Exercise data:
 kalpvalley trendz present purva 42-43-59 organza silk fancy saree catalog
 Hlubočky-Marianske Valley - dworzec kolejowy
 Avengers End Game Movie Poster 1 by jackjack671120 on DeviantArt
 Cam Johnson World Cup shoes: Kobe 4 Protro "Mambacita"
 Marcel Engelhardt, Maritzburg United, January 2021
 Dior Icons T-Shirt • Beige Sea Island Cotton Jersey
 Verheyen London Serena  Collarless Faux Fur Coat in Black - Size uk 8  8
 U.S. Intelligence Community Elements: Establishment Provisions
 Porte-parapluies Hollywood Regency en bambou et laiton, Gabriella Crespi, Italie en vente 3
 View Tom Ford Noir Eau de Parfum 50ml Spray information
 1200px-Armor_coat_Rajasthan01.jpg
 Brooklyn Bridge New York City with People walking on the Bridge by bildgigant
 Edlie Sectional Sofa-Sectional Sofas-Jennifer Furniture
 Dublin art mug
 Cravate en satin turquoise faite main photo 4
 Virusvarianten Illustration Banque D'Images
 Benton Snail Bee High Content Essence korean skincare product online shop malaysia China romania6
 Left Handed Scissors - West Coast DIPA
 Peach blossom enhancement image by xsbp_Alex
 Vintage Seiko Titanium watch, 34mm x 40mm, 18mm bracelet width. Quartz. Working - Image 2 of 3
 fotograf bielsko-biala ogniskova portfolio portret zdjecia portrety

Problem: Nothing is to be left out when the listing is copied, and every line must match exactly.

Final answer:
 kalpvalley trendz present purva 42-43-59 organza silk fancy saree catalog
 Hlubočky-Marianske Valley - dworzec kolejowy
 Avengers End Game Movie Poster 1 by jackjack671120 on DeviantArt
 Cam Johnson World Cup shoes: Kobe 4 Protro "Mambacita"
 Marcel Engelhardt, Maritzburg United, January 2021
 Dior Icons T-Shirt • Beige Sea Island Cotton Jersey
 Verheyen London Serena  Collarless Faux Fur Coat in Black - Size uk 8  8
 U.S. Intelligence Community Elements: Establishment Provisions
 Porte-parapluies Hollywood Regency en bambou et laiton, Gabriella Crespi, Italie en vente 3
 View Tom Ford Noir Eau de Parfum 50ml Spray information
 1200px-Armor_coat_Rajasthan01.jpg
 Brooklyn Bridge New York City with People walking on the Bridge by bildgigant
 Edlie Sectional Sofa-Sectional Sofas-Jennifer Furniture
 Dublin art mug
 Cravate en satin turquoise faite main photo 4
 Virusvarianten Illustration Banque D'Images
 Benton Snail Bee High Content Essence korean skincare product online shop malaysia China romania6
 Left Handed Scissors - West Coast DIPA
 Peach blossom enhancement image by xsbp_Alex
 Vintage Seiko Titanium watch, 34mm x 40mm, 18mm bracelet width. Quartz. Working - Image 2 of 3
 fotograf bielsko-biala ogniskova portfolio portret zdjecia portrety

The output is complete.